I am working with panel data (i.e., a panel of IDs and time periods) in Dask and wish to resample the frequency from microseconds to 30 seconds. Sample data looks like this:
size price ID
datetime
2018-09-26 13:50:00.000600 300 17.8185 AR
2018-09-26 13:50:00.004797 25 37.1165 BCOR
2018-09-26 13:50:00.005955 300 17.8185 AR
2018-09-26 13:50:00.006066 100 78.6200 XLI
2018-09-26 13:50:00.006862 100 73.0600 ABT
2018-09-26 13:50:00.007164 100 73.0600 ABT
2018-09-26 13:50:00.008643 100 73.3332 FAS
2018-09-26 13:50:00.008762 100 73.0600 ABT
2018-09-26 13:50:00.008793 2 114.4950 MSFT
2018-09-26 13:50:00.008978 100 20.6350 NWL
where ID is a string
, datetime is the datetime
object (currently set as the index), size is int64
and price is float64
. I want to:
- groupby
ID
- resample onto a 30-second frequency
- while aggregating price by its mean and aggregating size by its sum. Essentially, aggregate columns by different functions.
I understand that Dask doesn't support groupby-resample operations, but based on an excellent post here, it seems doable using a mix of dask and pandas.

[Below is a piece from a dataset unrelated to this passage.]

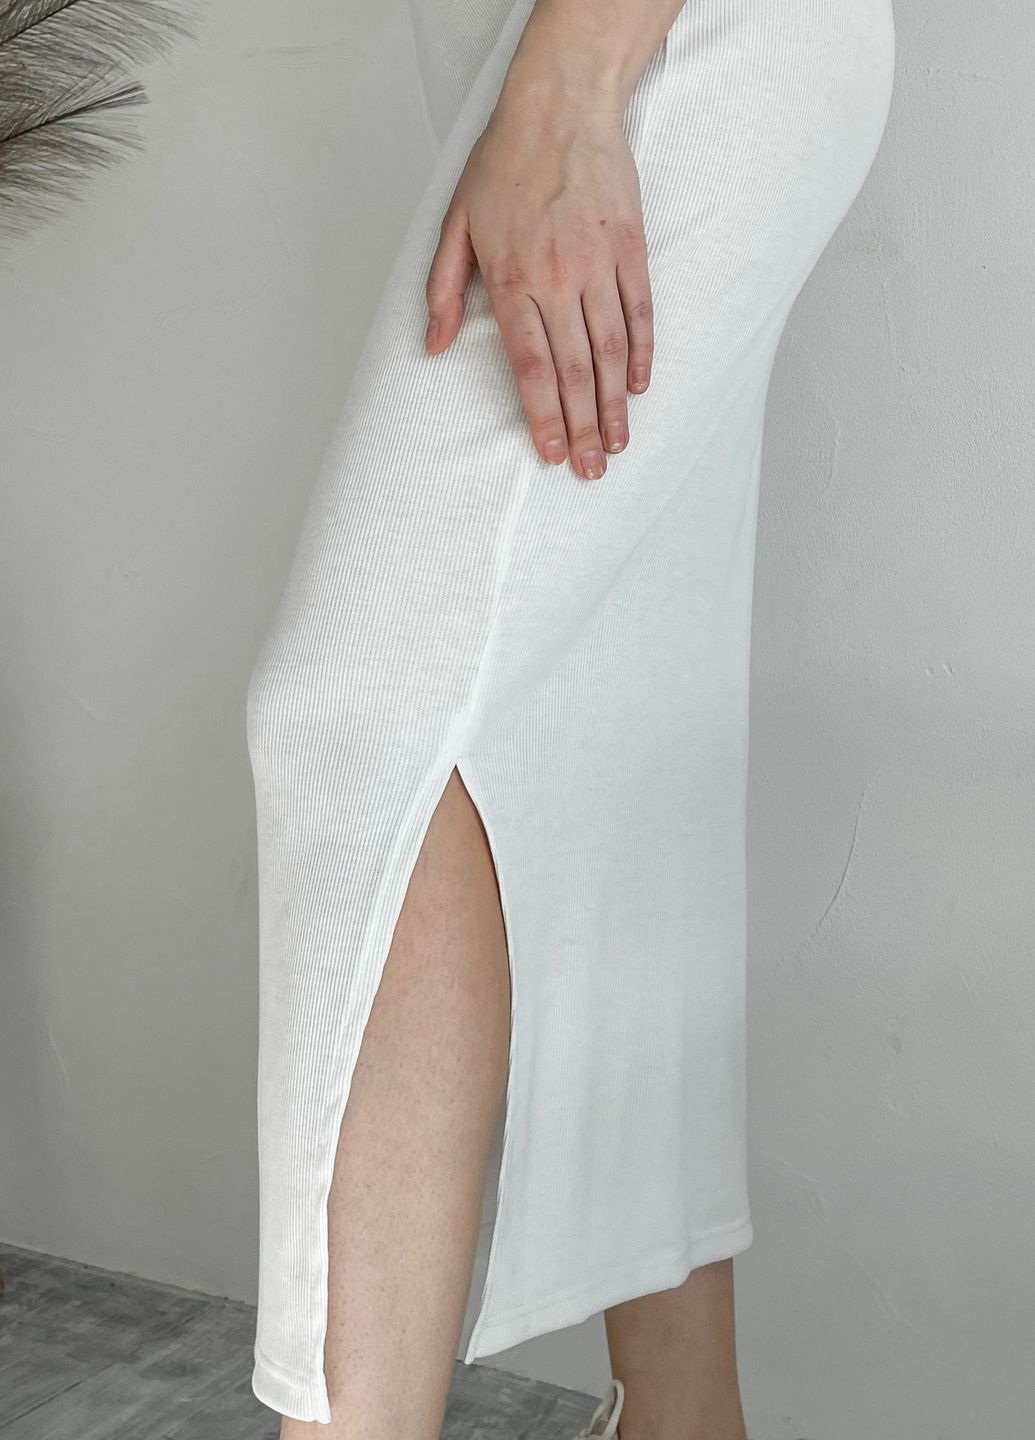 Купить Длинное платье-футболка в рубчик белое Merlini Кассо 700000126 размер 42-44 (S-M) в интернет-магазине

My current attempt (based on the linked post above) is:
def per_group(blk):
return blk.resample('30S').agg({blk['price']: np.mean, blk['size']: np.sum})
ddf.groupby('ID').apply(per_group, meta=ddf).compute()
but it returns TypeError: 'Series' objects are mutable, thus they cannot be hashed
. My sense is that it has something to do with the 'ID' column but I can't figure it out. I also tried supplying meta={'size': np.int64, 'price': np.float64, 'ID': 'object'}
instead but to no avail.
Would love to see any other way this could be done more efficiently! Thanks.